We have covered this closely, and the Supremes have held that the states lack standing here, to bring complaints against changes in immigration policy, from one president to the next, so long as no one's constitutional rights are being violated. And law enforcement has no constitutional right to force compliance with every law, no matter how trivial. That is not an individual right, of any one law officer.
Immigration is the sole province of the federal Executive Branch. Tipton (as we've long said) should never have heard the case, as he knows he lacks jurisdiction -- since his Louisiana and Texas state plaintiffs here. . . lack standing to sue.
I won't quote any of his 96 pages of. . . dreck (but it is here, in full). I will quote the Biden Administration's opposition, which cites a Sixth Circuit decision -- which came out the opposite way from young Tipton's nonsense. The below will be the center of the Fifth Circuit's (or Supremes') reasoning, thus:
. . .Our main concern with the injunction is that we believe these IIRIRA provisions do not eliminate immigration officials’ “broad discretion” to decide who should face enforcement action in the first place. Arizona, 567 U.S. at 396. They address a separate question: the custodial status of individuals who are facing removal proceedings or who have been removed. See 8 U.S.C. § 1226(a),(c); § 1231(a)(2). To the extent the injunction prevents the Attorney General from relying on the memos to release those who are facing enforcement actions and fall within the mandatory detention provisions -- for example, prisoners with qualifying convictions against whom ICE has lodged a detainer (8 U.S.C. § 1226(c)(1)) or individuals subject to removal orders (id. § 1231(a)(2)) -- we see no basis for upsetting it at this stage as that is what the statutes govern.
The district court’s injunction, however, is not limited to detention decisions of aliens the United States has decided to remove. It is much broader. It enjoins reliance on memos that guide decisions on, among other things, “whether to issue a detainer,” “whether to issue, reissue, serve, file, or cancel a Notice to Appear,” and “whether to stop, question, or arrest a noncitizen.” ICE Memo at 3.
We see the United States likely succeeding on this core foci of the interim enforcement priorities—immigration officials’ ability to prioritize who is subject to investigative and enforcement action in the first place. See Reno, 525 U.S. at 483 (recognizing that law enforcement discretion extends to “initiation or prosecution of various stages in the deportation process,” including the “discretion to abandon the endeavor”). . . .
It is quite telling that neither [Texas or Louisiana] nor the district court have cited a single Supreme Court case requiring law enforcement (state nor federal, criminal nor immigration) to bring charges against an individual or group of individuals. . . .
What is more, in the quarter century that IIRIRA has been on the books, no court at any level previously has held that sections 1226(c)(1) or 1231(a)(2) eliminate immigration officials’ discretion to decide who to arrest or remove. . . . The injunction is STAYED pending appeal in all other respects including the reporting requirements. . . .

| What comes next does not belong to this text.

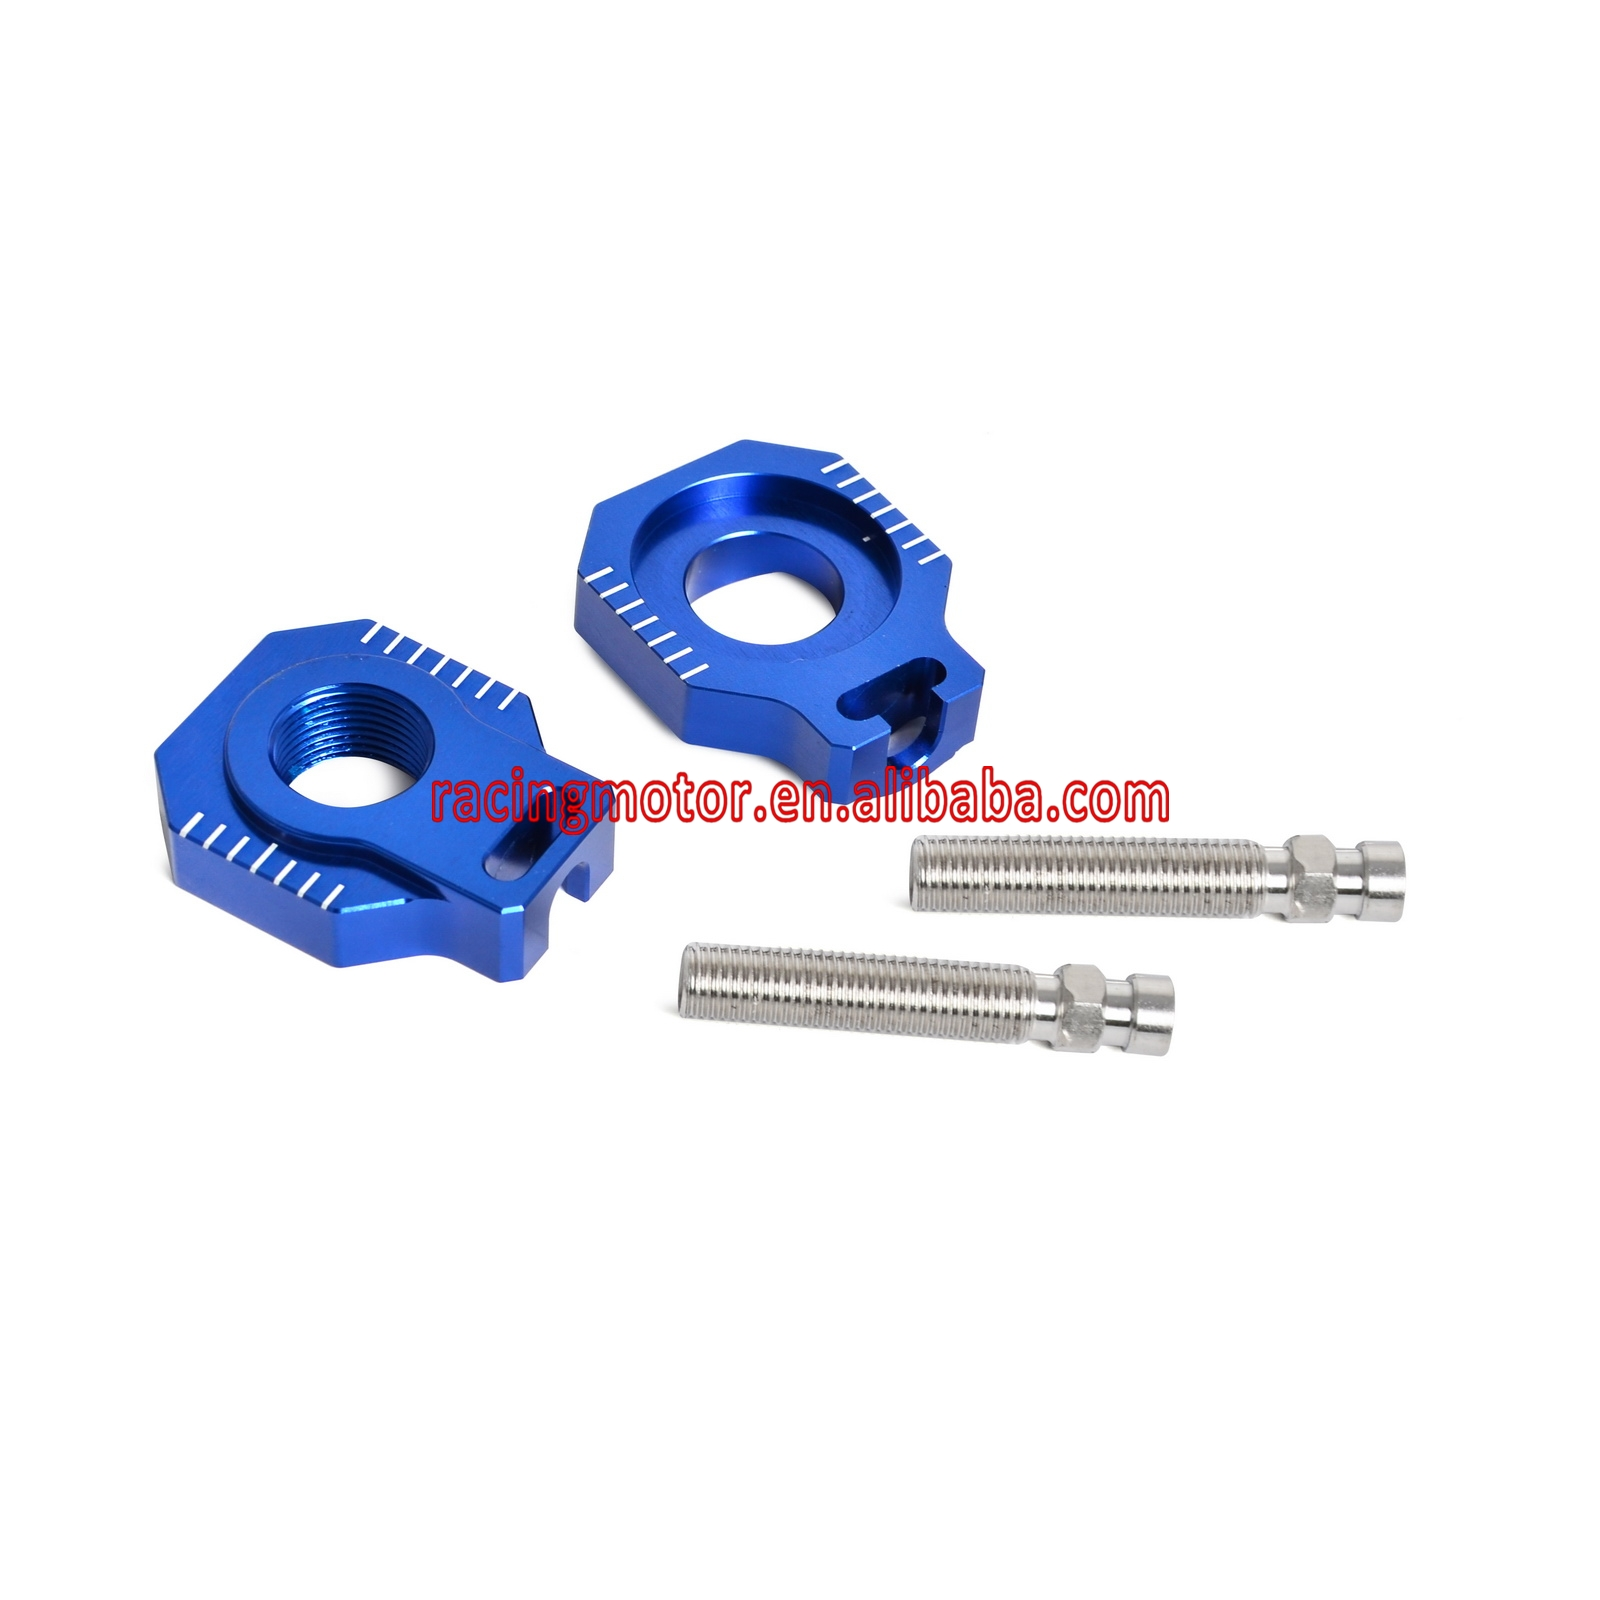 Rear Axle Blocks Chain Adjuster for Husqvarna TC TE 125 250 300 FC FE 250 350 450 501 Husaberg TE 250-300 FE 250-570

On April 12, 2022, the Sixth Circuit granted the governments’ motion to stay the preliminary injunction pending appeal. Order, Arizona v. Biden, No. 22-3272 (6th Cir. April 12, 2022) (attached). The Sixth Circuit, in an opinion by Chief Judge Sutton, reasoned (1) that the States likely lacked standing, id. at 5-8; (2) that the September Guidance likely is unreviewable under the Administrative Procedure Act because it is not final agency action, id. at 9-12; (3) that, even if it were reviewable, Defendants were likely to prevail on the merits because (a) the September Guidance likely is not “contrary to law,” id. at 12-15; (b) the September Guidance likely is not “arbitrary or capricious,” id. at 15-16; and (c) the September Guidance likely was not required to undergo notice-and-comment procedures, id. at 16. For the Court’s convenience, Defendants are attaching a copy of the Sixth Circuit’s opinion to this filing. . . .
Trust that this will be sorted out, on appeal. Young Drew Tipton is just angry. . . that the end-game for his mentor's (Tangerine's) insurrection. . . is at hand. And neither Tipton or Tangerine will ever be elected to federal office, again. So. . . he rages into the night, impotently. Charming.